Ses traits se radoucissent et elle sourit légèrement avant de répondre :

« As-tu déjà commis un délit ?

- Hein ?

- As-tu déjà commis un délit, répéta-t-elle.

- Euh... bah, non. Je ne crois pas...

- Tu n'as pas de casier judiciaire ? Tu n'es pas connu des services de l'ordre ?

- Bah non... Ah si ! me rappelai-je. Vu que j'ai fugué, des affiches de mon visage ont été mises partout dans les villes près de chez moi, ainsi que dans les journaux papiers et télévisés... »

Eloïse sembla déçue, voire même anéantie. Elle se pinça l'arête nasale avant de soupirer.

« Tu vas nous donner beaucoup de boulot. Tu aurais pas pu être comme tous les autres de ton âge ? 

- Il faut croire que la vie veut me faire vivre de drôles d'épreuves, écoute, lançai-je de manière sarcastique.

- Ce n'est pas l'heure de se plaindre, me coupa-t-elle. Yamen est chez lui, il aimerait te parler. »

Sur ces mots, elle tourna les talons et sortit de la tente, suivi de moi-même. Une fois à l'extérieur, ce fut le soleil qui était d'une brillance féerique qui m'étonna le plus. Il prodiguait une chaleur sur tout le corps, une chaleur divine. Le ciel d'un bleu tellement pur qu'on avait l'impression de pouvoir s'y baigner était accordé au paysage paradisiaque qui s'offrait à moi : des fleurs jonchaient le sol, des maisons d'un bois verni étaient alignées, et des Mythons discutaient entre eux ou marchaient. L'endroit où je me trouvais semblait être comme un centre-ville, un lieu de rencontre : c'était bondé, mais nous pouvions quand même facilement marcher sans nous foncer sur quelqu'un. 

Tandis qu'Eloïse me racontait certaines choses sur le Refuge, je regardais chaque bâtiment qui semblait être construit seulement par des matières premières, comme s'ils ne connaissaient ni le béton, ni le plâtre. Tout était fait de pierre ou de bois. Ce n'était pas plus mal dans un sens, c'était original. Au lieu de marcher sur des trottoirs, nous marchions sur une herbe tellement verte que j'avais l'impression d'être dans un film.
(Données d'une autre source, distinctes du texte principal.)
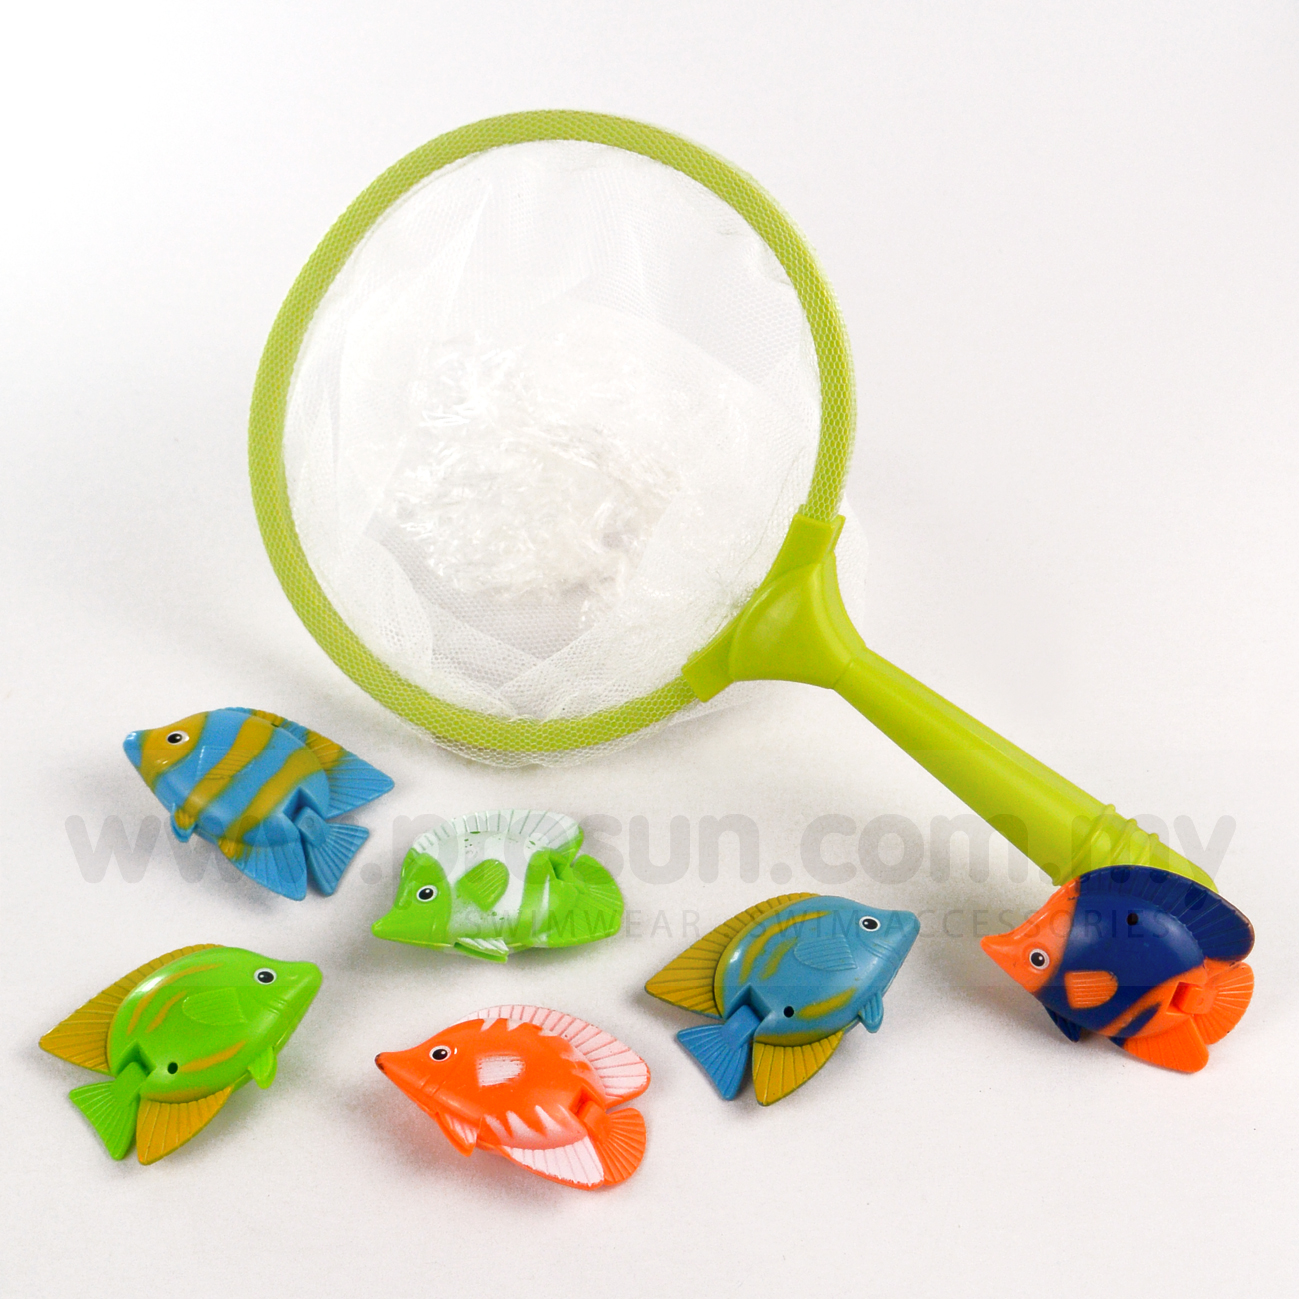 KiddoZone 36PCS Magnetic Fishing Pool Toys Game for Kids Water

Je n'avais jamais vu un lieu aussi propre, aussi magnifique. 

Au fur et à me sure de notre marche, nous arrivâmes enfin devant une très grande maison, bien plus grande que toutes les autres. Sur la façade de celle-ci se trouvait une grande plaque en pierre où étaient gravés les lettre et chiffre «G4». Avec le minimum de bon sens que j'avais, je devinai facilement qu'il s'agissait de "Gardien". Il devait être le quatrième. 

« C'est là. »

Eloïse me fit entrer le premier dans la demeure. A l'intérieur, c'était tout aussi rustique qu'à l'extérieur, sauf que des couleurs beaucoup plus "royales" sautaient aux yeux : l'or, le rouge et le blanc. La décoration était sublime, à croire qu'ils avaient aussi droit à des décoratrices d'intérieur au Refuge. 
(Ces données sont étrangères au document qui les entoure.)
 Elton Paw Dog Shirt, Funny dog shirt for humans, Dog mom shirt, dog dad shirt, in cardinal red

« Vous êtes enfin arrivés. »

Je sursautai. Yamen était assis dans le canapé que je n'avais pas vu au premier coup d'oeil. Mes yeux s'étaient directement posés sur le tapis qui longeait quasiment toute la largeur de la pièce. Nous étions dans ce qui me semblait être le salon. Yamen se leva et s'approcha de moi, toujours de manière sereine. 

« Eloïse, tu peux nous laisser. 

- Appelez-moi dès que vous avez fini, répondit-elle.

- Je t'enverrai un signal. »

Eloïse partit donc et Yamen me proposa de m'asseoir sur son canapé. Une fois installé, il débuta son récit :

« Avant toute chose, sache que tu es libre de croire ou de ne pas croire ce que je vais te dire. Cela ne fait que trois jours que tu es ici, il est compréhensible que ça fasse trop d'informations d'un coup et que ça paraisse trop absurde... »

Il toussa, de plus en plus fort, avant de boire un verre d'eau et de continuer :

« Le Refuge a été construit il y a 437 ans, exactement. C'est mon grand-père qui a permis sa création, avec l'aide de 9 de ses amis. Ils sont ainsi devenus les "gardiens" de ce Refuge. Le Refuge a été conçu pour protéger les Mythons, qui est l'espèce que nous sommes. Ici, personne ne peut détecter notre présence, car nous sommes en lévitation dans l'atmosphère. Nous sommes invisibles aux yeux des humains, évidemment, mais également aux yeux de toute autre espèce qui voudrait nous nuire. Les Mythons sont des humains, mais qui ont des caractéristiques bien spéciales, notamment des pouvoirs surnaturels comme tu peux lire dans des contes, des romans fantastiques, ou autre. Tout cela n'est pas fictif. Si l'humain est capable d'imaginer certaines choses, rien n'affirme que ces choses n'existent pas déjà. C'est le cas pour nous : nous sommes des êtres magiques qui luttons pour maintenir le Bien sur Terre. Contre nous rivalisent les pouvoirs du Mal. Parmi eux se trouvent les chémifs, ceux que tu peux à présent voir car tu connais leur existence. Le fait est que tu es un humain, et que tu connais désormais l'existence de ces êtres, mais également de nous. C'est pour cela que... je dois te proposer un dilemme. J'ai besoin d'une réponse maintenant, alors je te laisserai seulement quelques minutes pour réfléchir. »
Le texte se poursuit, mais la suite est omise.